--- WORK REQUEST ---
Can you copy out the data exactly? Leave the images out.

--- SUPPLIED MATERIAL ---
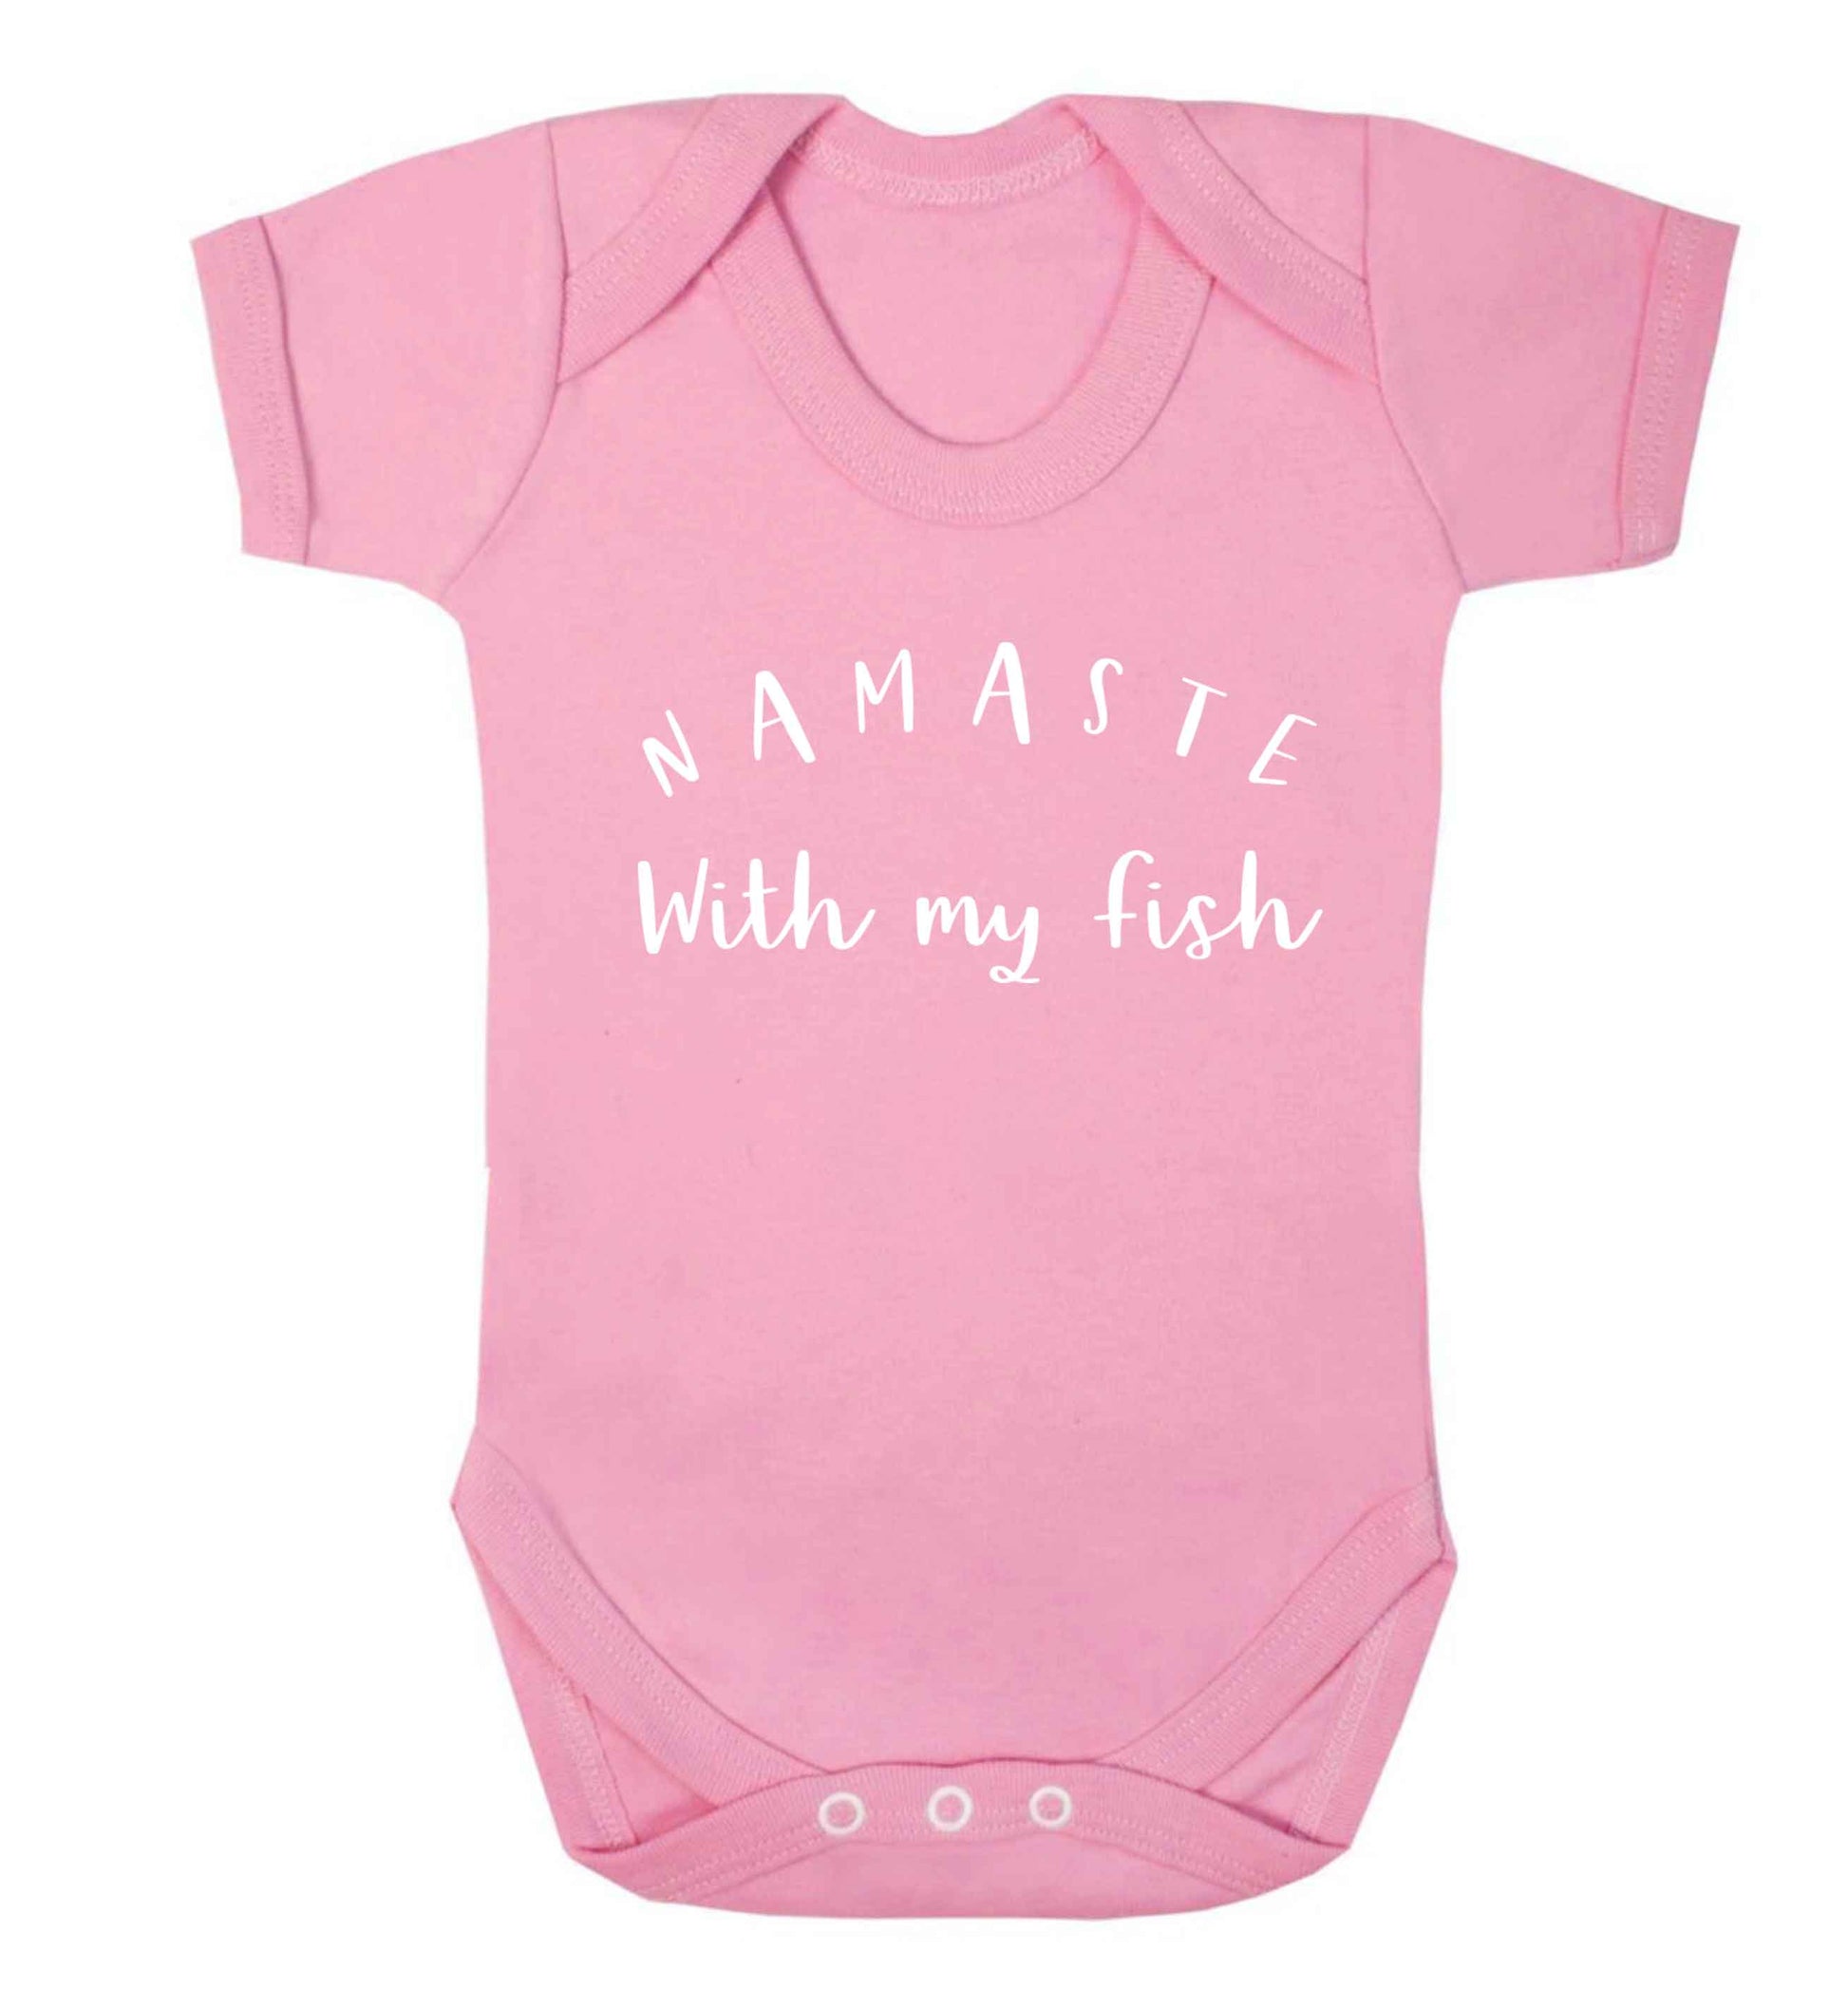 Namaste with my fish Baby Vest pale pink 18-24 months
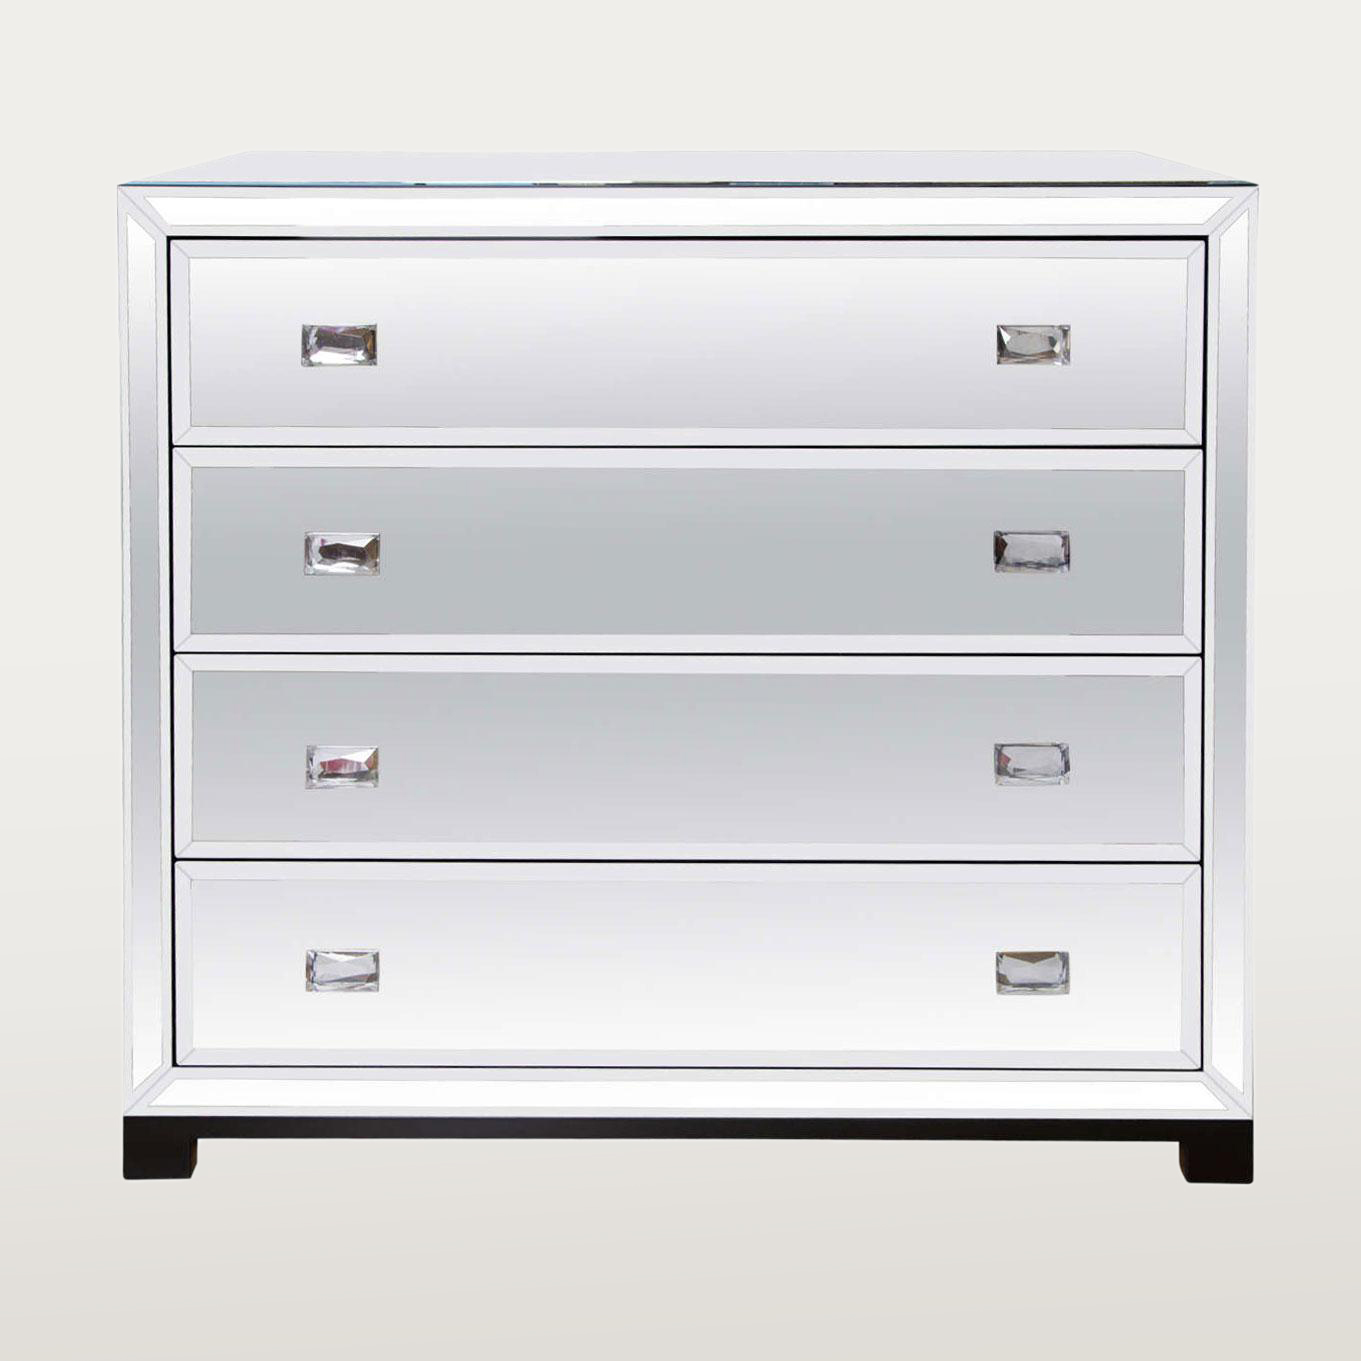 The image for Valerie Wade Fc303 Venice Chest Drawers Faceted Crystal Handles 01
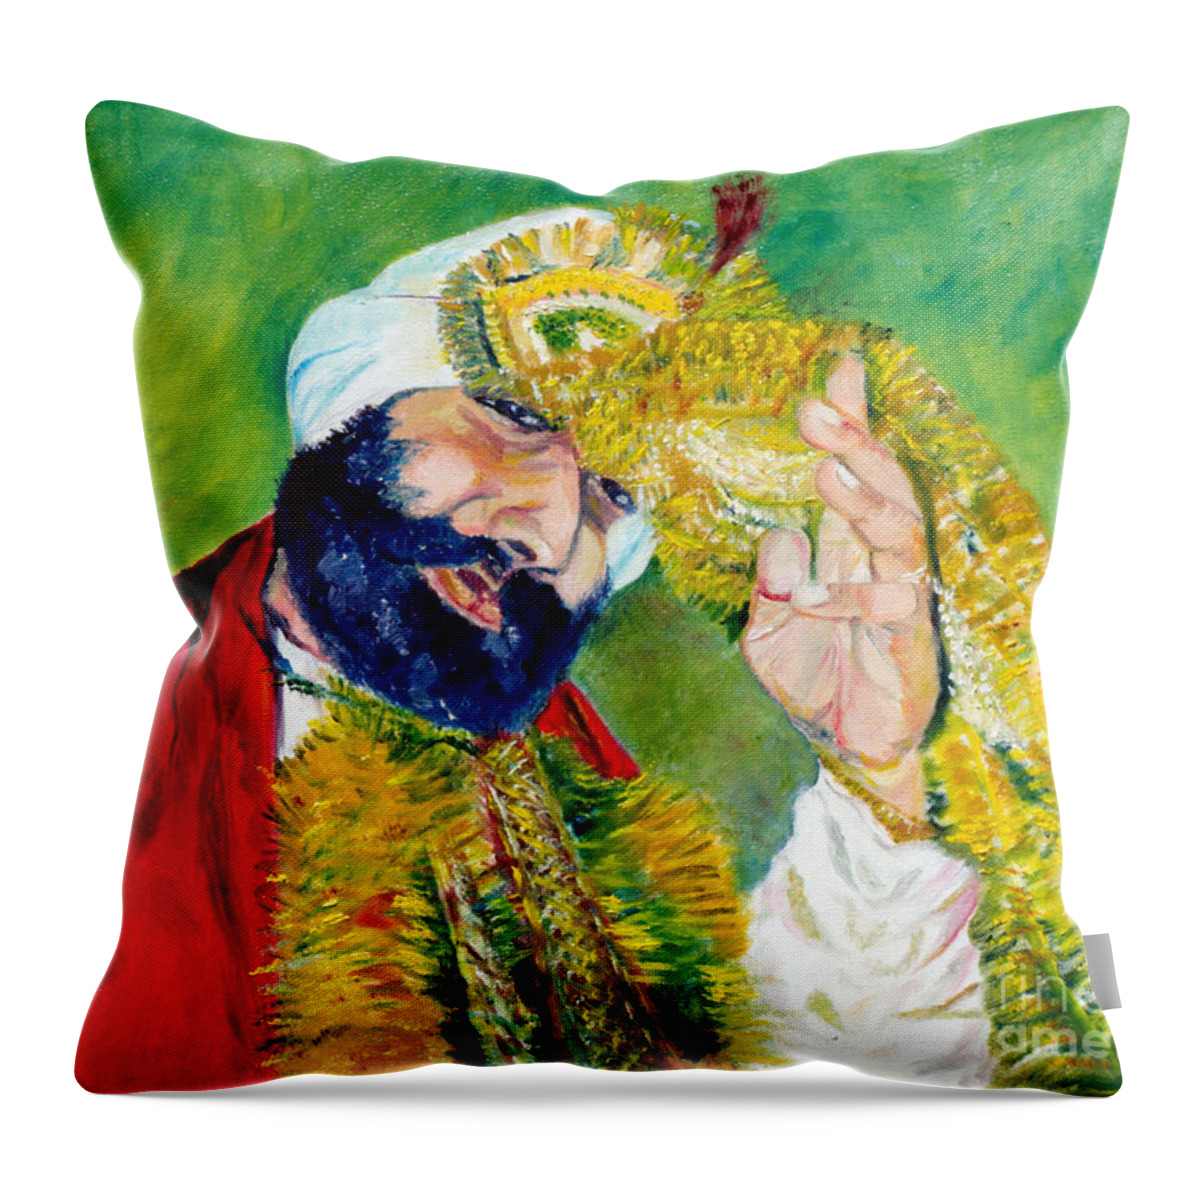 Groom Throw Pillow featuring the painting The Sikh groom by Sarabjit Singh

--- RESPONSE BOX ---
 Namaste with my fish Baby Vest pale pink 18-24 months
 The image for Valerie Wade Fc303 Venice Chest Drawers Faceted Crystal Handles 01
 Groom Throw Pillow featuring the painting The Sikh groom by Sarabjit Singh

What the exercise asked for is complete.